Introduction to the DISCOVER module | TeselaGen Biotechnology Help Center

Overview

TeselaGen’s DISCOVER module provides an interface and compute infrastructure to create, train and execute ML (Machine Learning) algorithms using Teselagen’s Proprietary Software for fast data loading and processing.

Once you have designed, built and experimentally characterized the genetic constructs of your study, you can now apply the various DISCOVER Machine Learning and/or Deep Learning tools created by TeselaGen. This technology allows you, in a systematic and autonomous way, to extract useful information to make optimization and redesign decisions for your genetic elements. In this way, TeselaGen users can complete the D-B-T-L (Design, Build, Test, Learn) cycle of bio-manufacturing and evolve their biological systems. An image of the DISCOVER application that you can see below, shows the different models implemented: Predictions, Evolutions and Generations.

We’ll take a closer look at these functionalities associated with AI (Artificial Intelligence) developments in future articles.

Architecture

The DISCOVER module is built to help biotech companies design, deploy, train and test state-of-the-art machine learning algorithms. DISCOVER runs on cloud-based hardware and it’s optimized for running compute-intensive ML applications. The DISCOVER module contains a frontend interface, developed in React/Redux/MobX, that allows the scientist to easily choose among a selection of TeselaGen’s proprietary algorithms. The backend includes a ML engine that can run algorithms dependent on Tensorflow, Scikit Learn and PyTorch. TeselaGen's architecture and all its applications are set in a suitable environment, which meets the high programming standards demanded by TeselaGen's customers. It is a stable and fail-safe system, is easily scalable and is based on a modularized system with docker containers.

Schema of DISCOVER’s front-end and back-end components.

Besides that, DISCOVER meets modern data security guarantees. Each component has a security layer that shields these containers from external access. Every interaction between them is protected and any data exchange with the outside is done through corresponding HTTPs or TLS protocols using TeselaGen's APIs.

Integration with TEST Module

The application of ML to genetics and synthetic biology raises a number of challenges that need to be addressed. Training ML models might require a large amount of data, which can be difficult to acquire. In addition, some ML techniques require extensive computational resources, without which training becomes too time-consuming.

The DISCOVER module will provide you with powerful libraries written in Python to design and deploy machine and deep learning applications. This includes libraries for communicating with the DESIGN and TEST APIs, as well as our ML task messaging queue and our DISCOVER database. The TEST module takes the open-source Experimental Data Depot (EDD) knowledge base and provides the necessary data to train supervised machine learning algorithms. If you want to read more about it you can go to this article. The output of the DISCOVER module can guide the next iteration of libraries to be designed and built.

Integration between TeselaGen applications.

Optimizing Assemblies

With TeselaGen's platform, researchers can design combinatorial libraries that include thousands of different variants.
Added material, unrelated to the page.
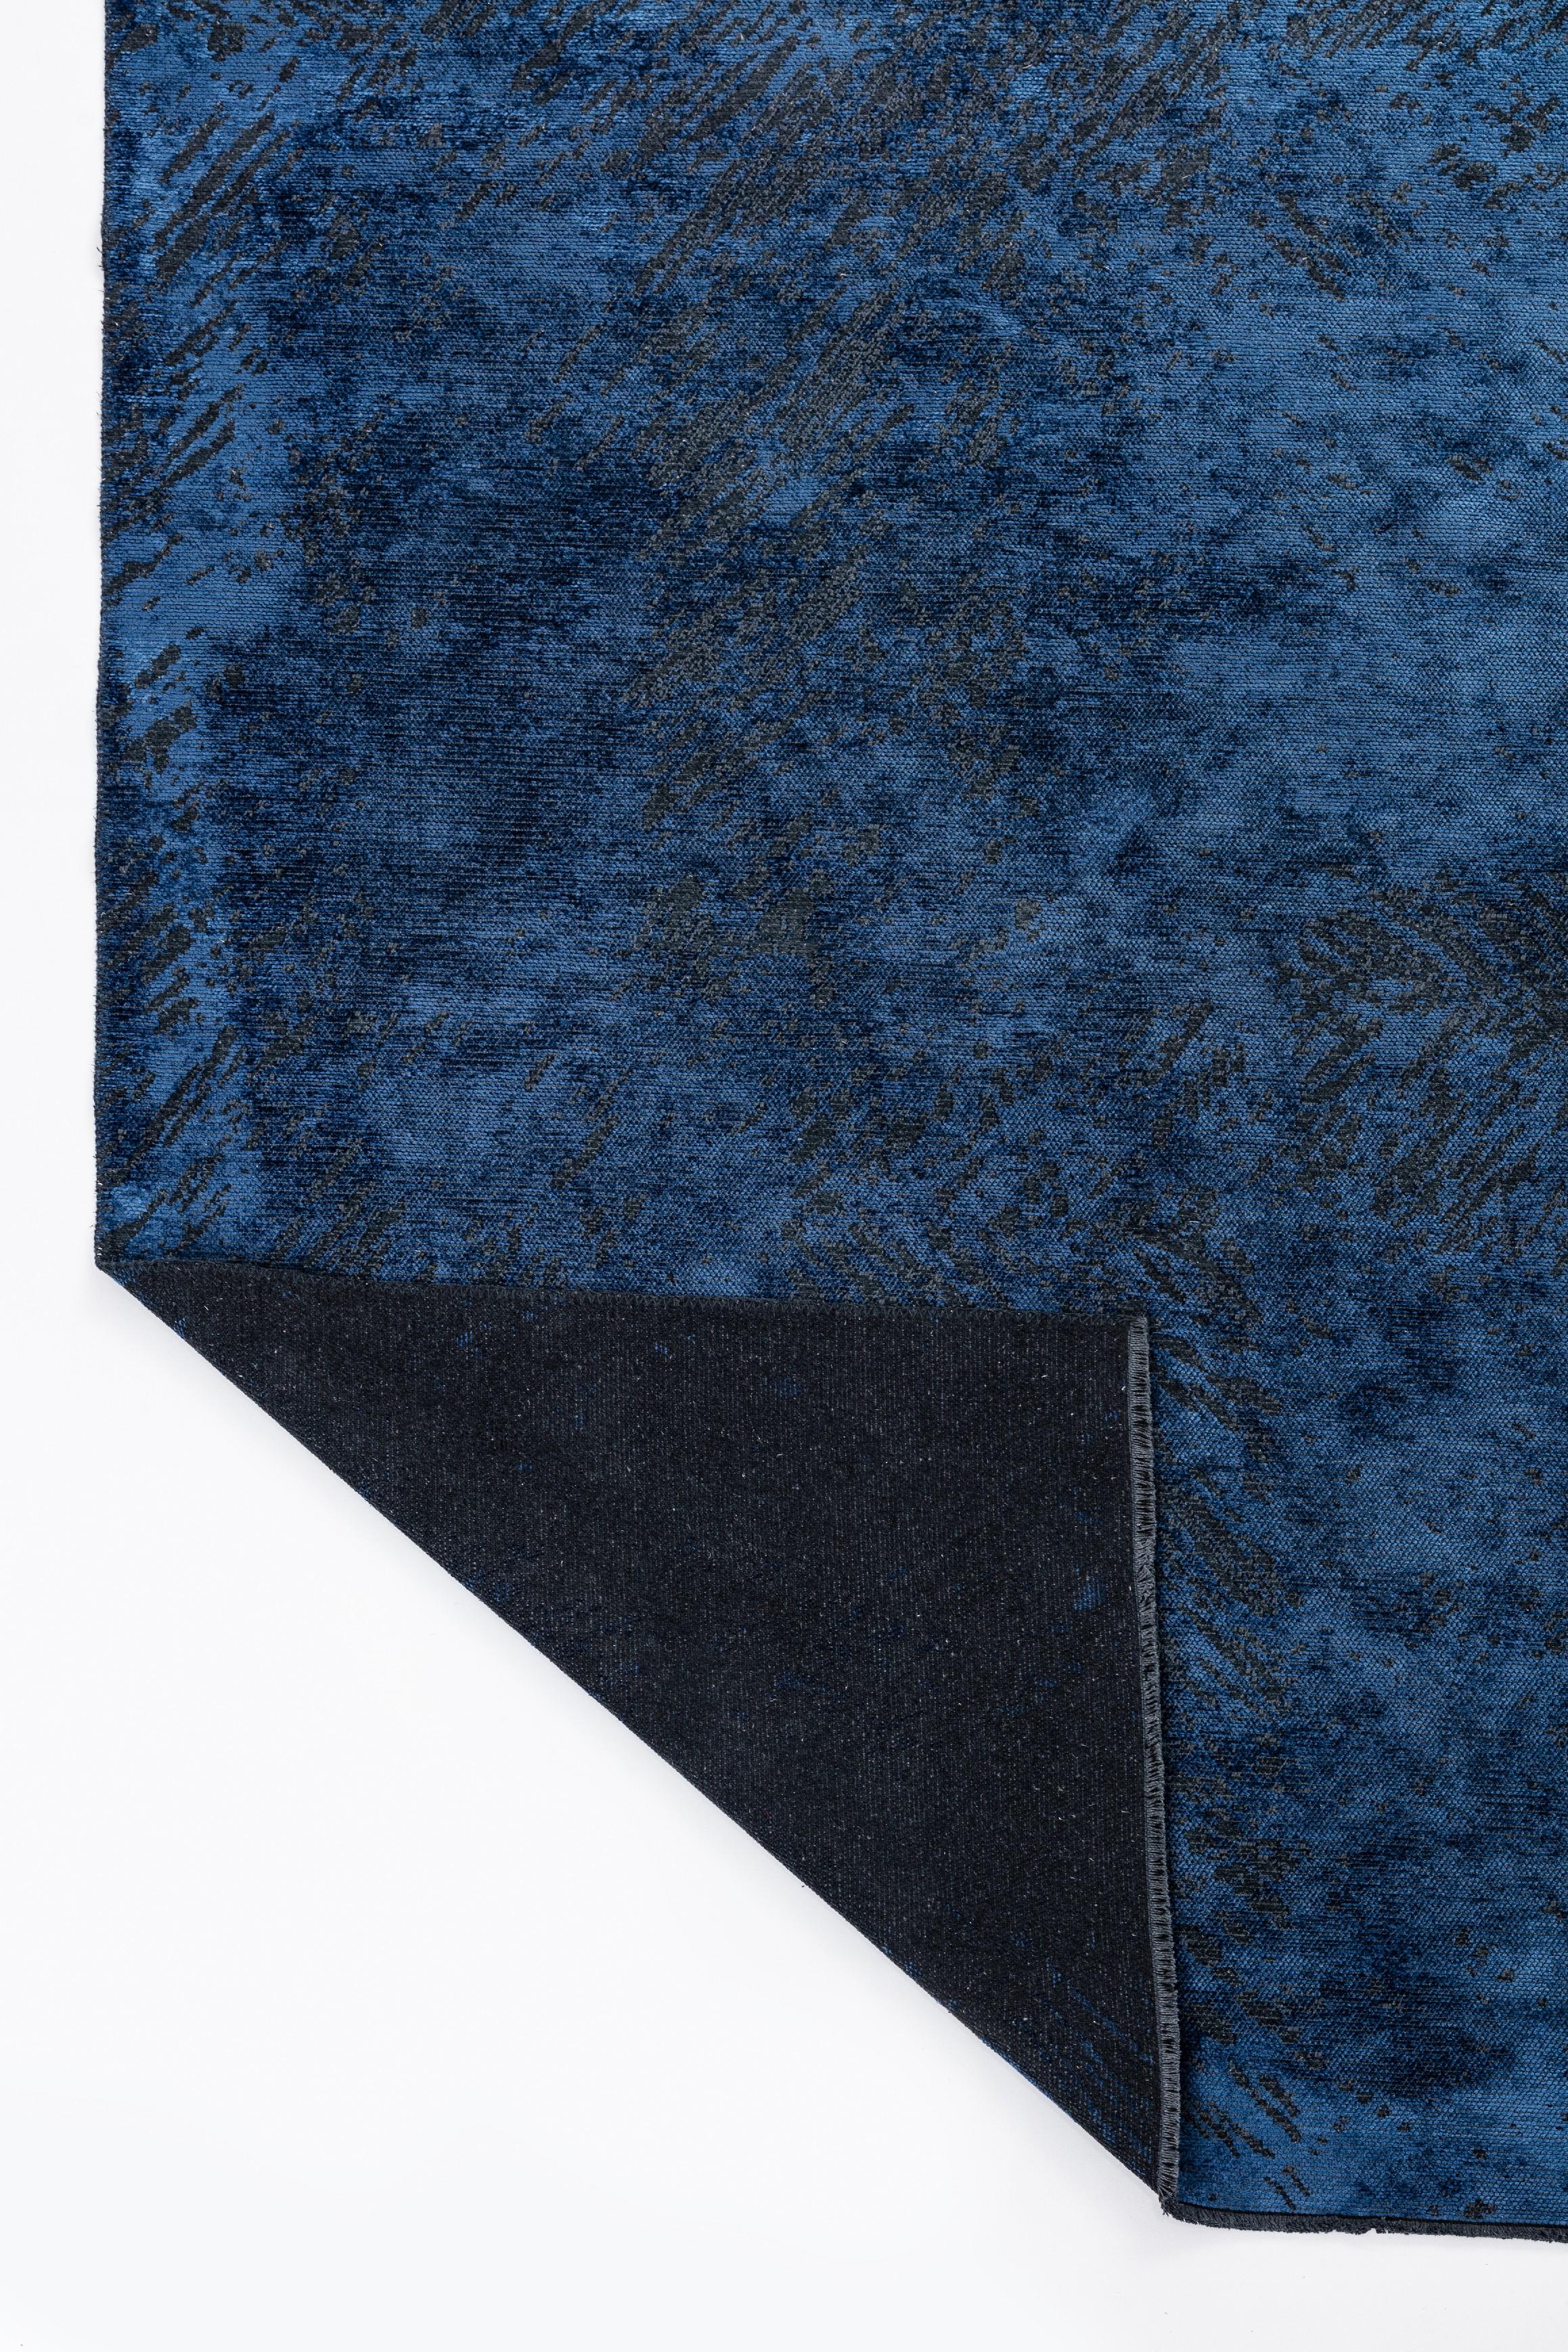 Im Angebot: Moderner abstrakter Luxus-Teppichboden,  (Blau) 3

For many applications, it is not enough to design and build DNA constructs. Researchers need to be confident that their synthesized combinatorial or hierarchical libraries meet stringent quality assurance criteria. The high throughput experiments and massive data generation that is common to many biotech and biopharma companies depend crucially on the efficient generation of screening candidates with a high probability of success. TeselaGen’s j5 algorithm, which creates detailed instructions to assemble DNA, relies on the specification of assembly strategies, parameters, and rules that can be tuned to achieve optimal results. The tuning of these choices can be guided based on the output of bioinformatic tools such as j5 itself, as well as experimental DNA sequence validation results. As an example, our platform allows our users to align DNA sequencing runs with their reference designs in order to validate the quality of their synthesized constructs. As we collect these DNA sequence validation datasets, the DISCOVER module can train machine learning models (like RNNs) that can help the biologist further refine their designs and assembly simulations.
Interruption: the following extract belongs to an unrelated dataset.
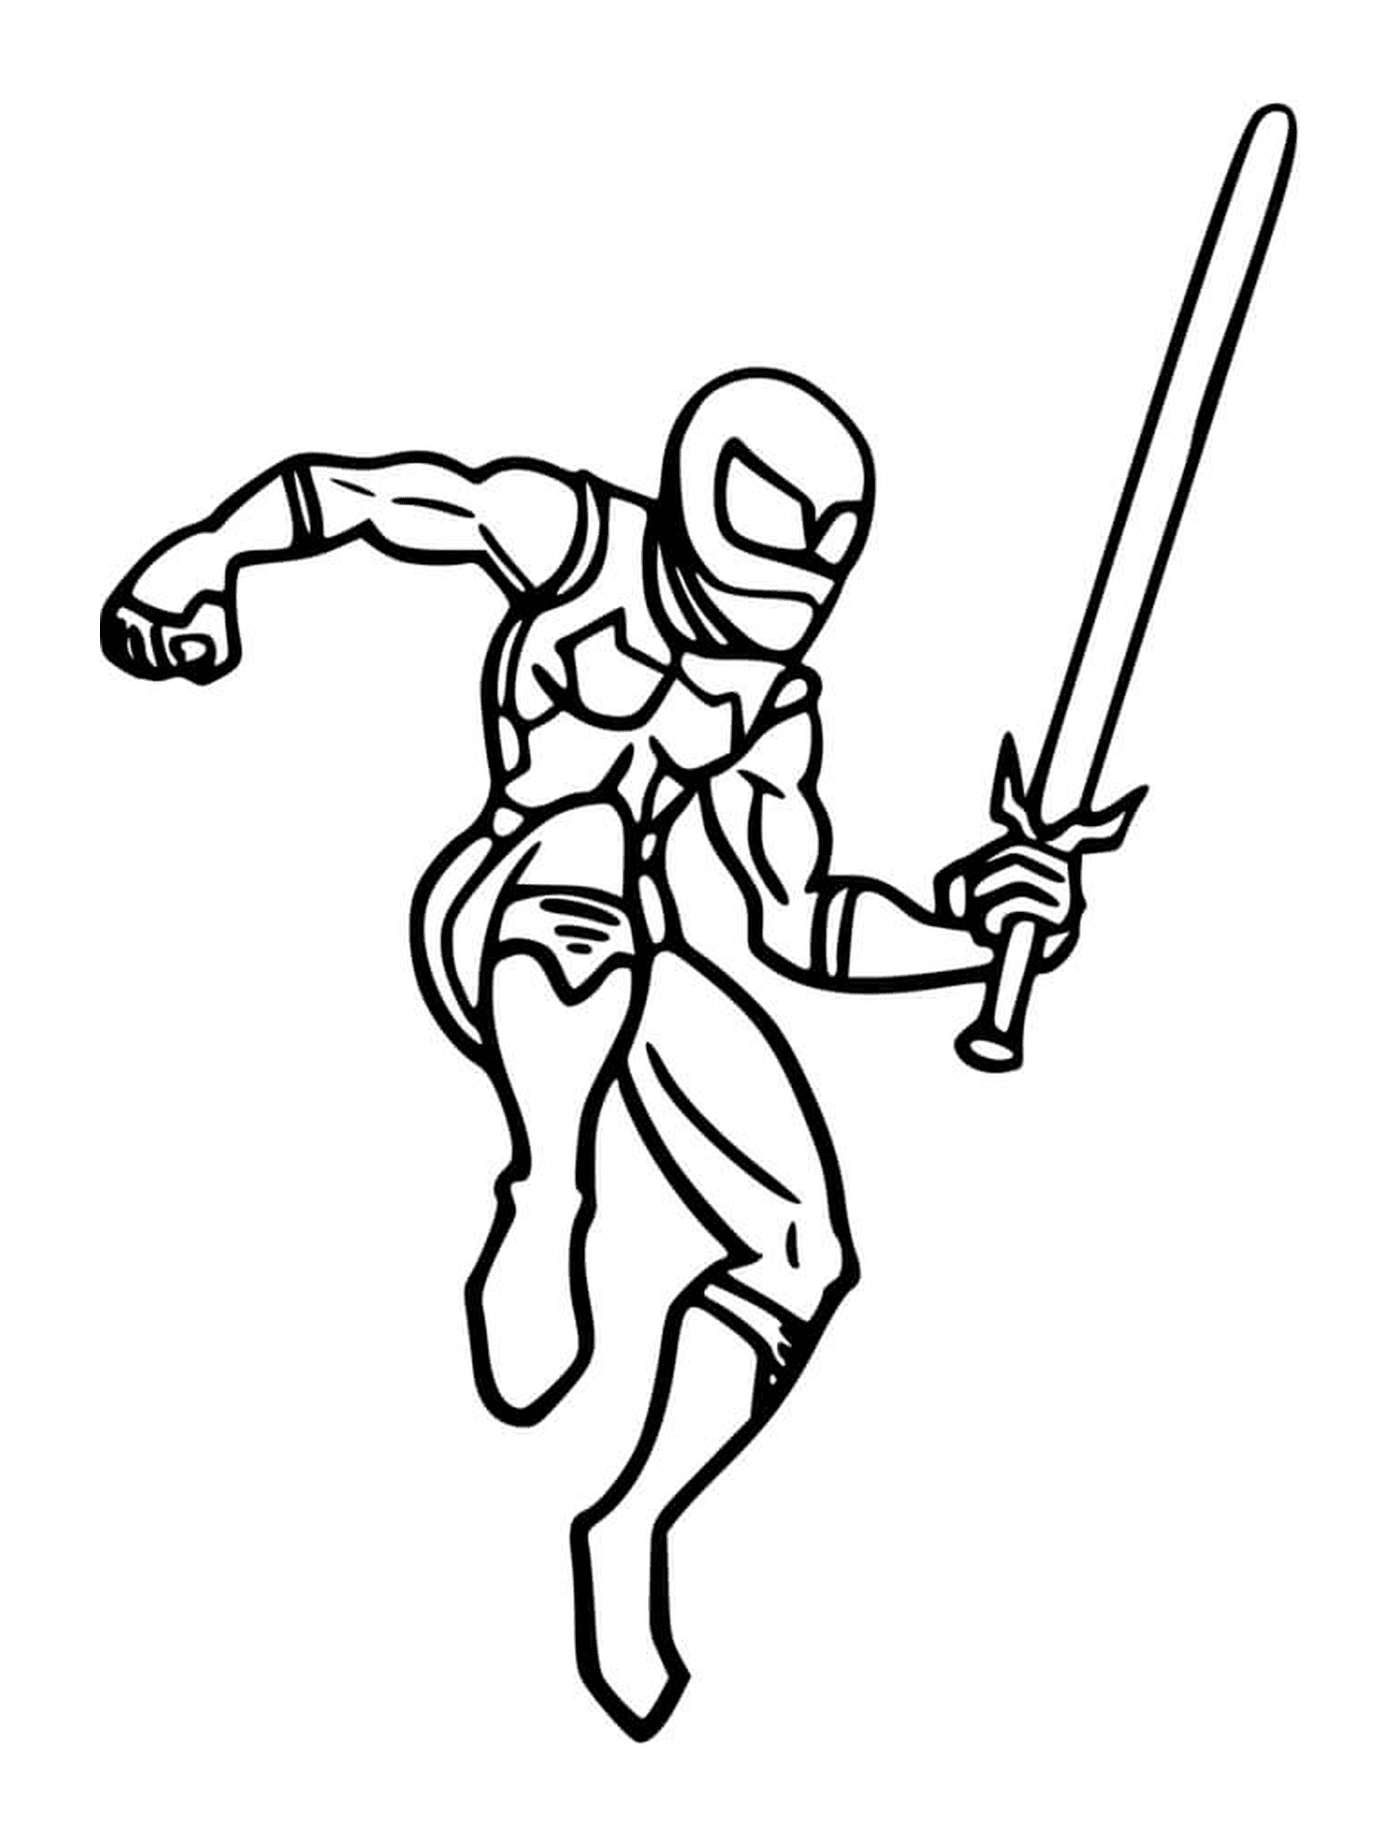  Ninja mit einem Schwert

A recurrent neural network (RNN) is a network with memory, ideal for modeling sequences such as DNA.

Conclusions

TeselaGen has developed a powerful, cloud-based, computer aided design and build platform for accelerating synthetic biology. Our customers are already using our flexible informatics backbone to guide the construction of synthetic DNA to further the production of immunotherapy biologics, virus like particles (VLPs), sustainable chemicals, natural products, and plant modifications for enhanced agricultural traits. TeselaGen Biotechnology has set the goal of developing a next-generation software platform that will harness state-of-the-art machine learning to assist customers with the design, build and Synthetic Evolution™ of their biological constructs. As companies seek to scale their synthetic biology efforts, they will benefit from TeselaGen’s DISCOVER module to optimize their Synthetic Biology processes. The success will depend ultimately on how well scientists can collect and store experimental data in the TEST module. As our customers work closely with our platform, we will empower them with enabling design decisions that accelerate product development.